Сам писатель Гущин не способен подметить в человеке и вокруг себя тех драгоценных мелочей, подробностей, деталей, без которых истинному художнику не обойтись. Он едет «наблюдать жизнь», мысленно повторяя чужие слова: «Надо... подмечать каждую черту лица, каждый жест, ловить всякое меткое словечко». Но он не умеет наблюдать, не умеет всматриваться в лица и вслушиваться в речь, не улавливает оттенков красок и запахов, разнообразия слов. Все кажется ему таким неинтересным, ничего значительного и красивого он не находит в природе и в людях. Охотнее всего он говорит о себе самом и явно скучает, когда речь заходит о ком-либо другом. Гущин — воплощенное тщеславие, высокомерие и бездарность. Он мнит себя художником, «избранником», талантом, но единственное, что он пока «подарил» читателям, это — несколько «хромых стихотворений», которые ему как-то удалось «пристроить» в печати, да какие-то прозаические пустяки с претенциозными подзаголовками «сюита», «новелла», «этюд», смысл которых ему был неясен. Гущина увлекает только ложно-величавое в жизни и в искусстве, он не понимает подлинной красоты, заключенной в правде и простоте. В своих писаниях он до нельзя фальшив, в разговорной речи пользуется «непонятными, приподнятыми оборотами».

Бездарнейший из русских литераторов, Гущин ничтожен и жалок как человек. Встреча с девушкой Груней показала, сколь бессилен и труслив он, лишенный воли и здоровых желаний, каким глупым и гаденьким выглядит рядом с нею — во всем естественной, искренней, прямой, умной и находчивой.
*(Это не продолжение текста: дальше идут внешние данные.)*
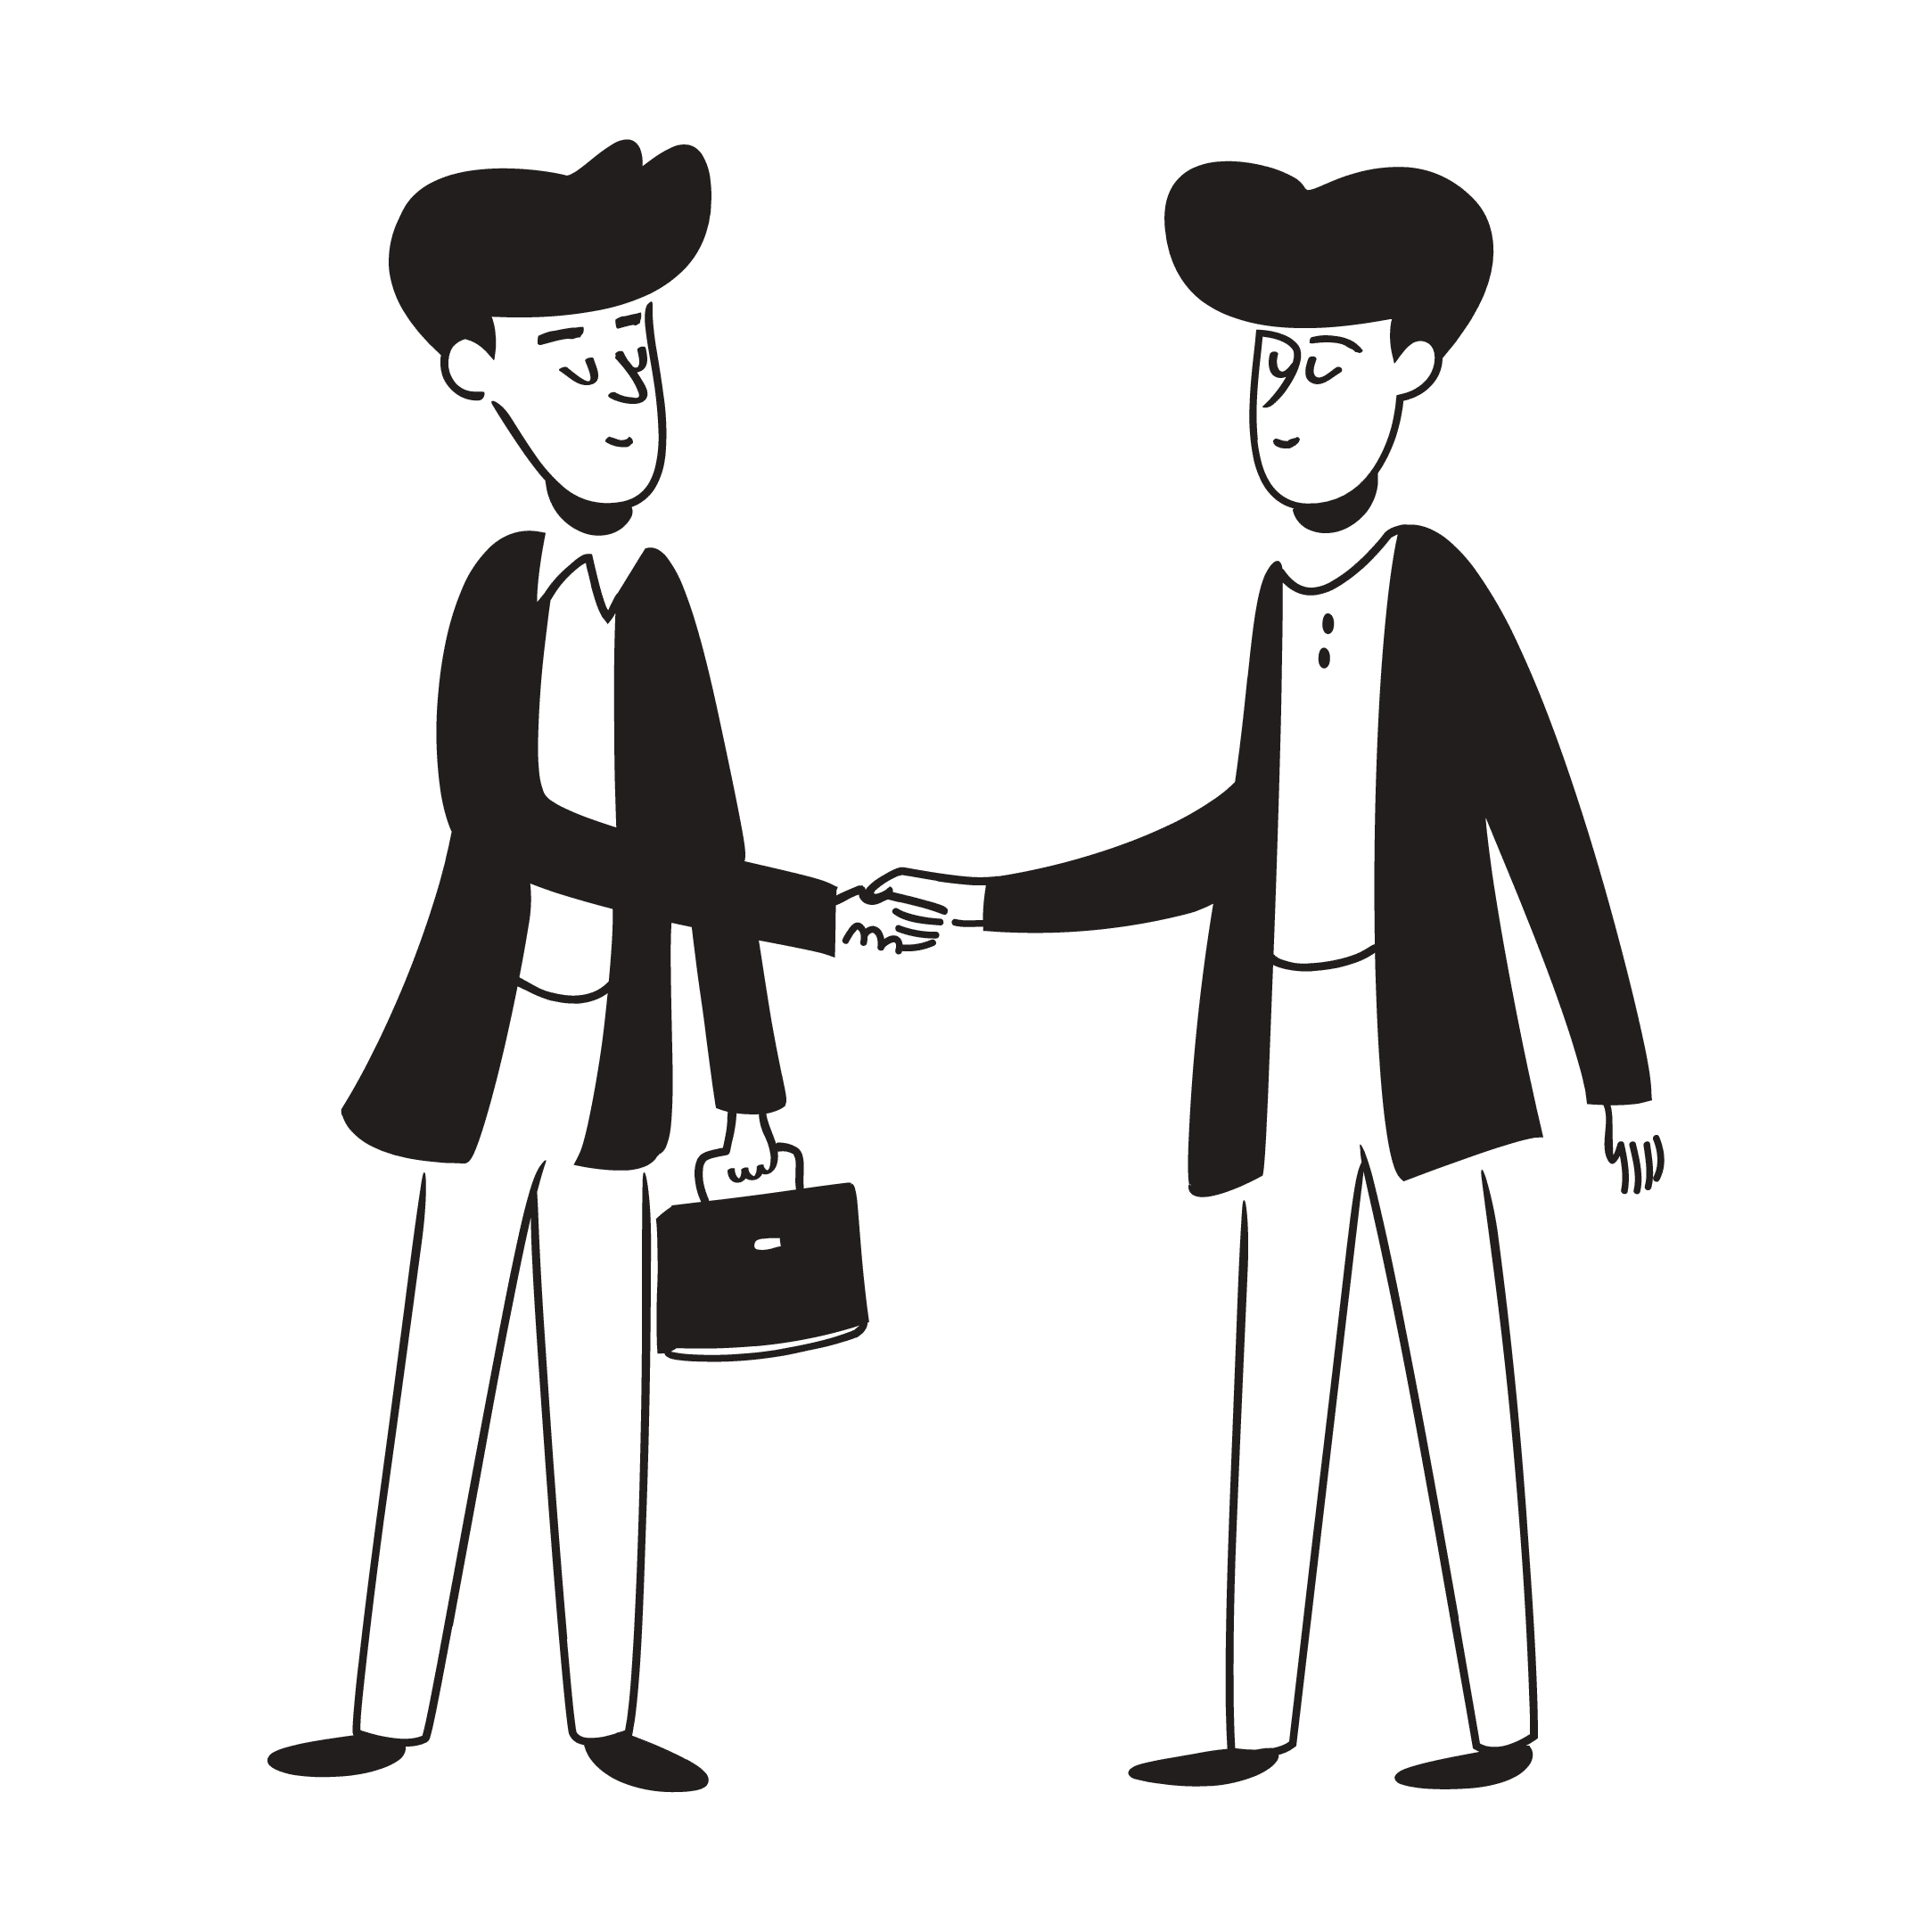 Illustrasjonsbilde i sort/hvitt som viser to menn som håndhilser.

Куприн без тени снисхождения и сочувствия высмеял распространенный в то время тип писателя, отгородившегося от живой жизни и от людей, индивидуалистически замкнутого, жалкого и никому не нужного. В рассказе тонко разоблачена ложь в искусстве как «болезнь времени».

Этой болезнью не в меньшей, если не в большей, мере страдали газетчики, журналисты, любившие сочинять и преподносить читателю всякие небылицы. Печатная ложь и невежество газетных репортеров высмеяны и пародированы Куприным в юмористическом рассказе «Интервью», написанном почти одновременно с предыдущим — в июне 1916 года<3>.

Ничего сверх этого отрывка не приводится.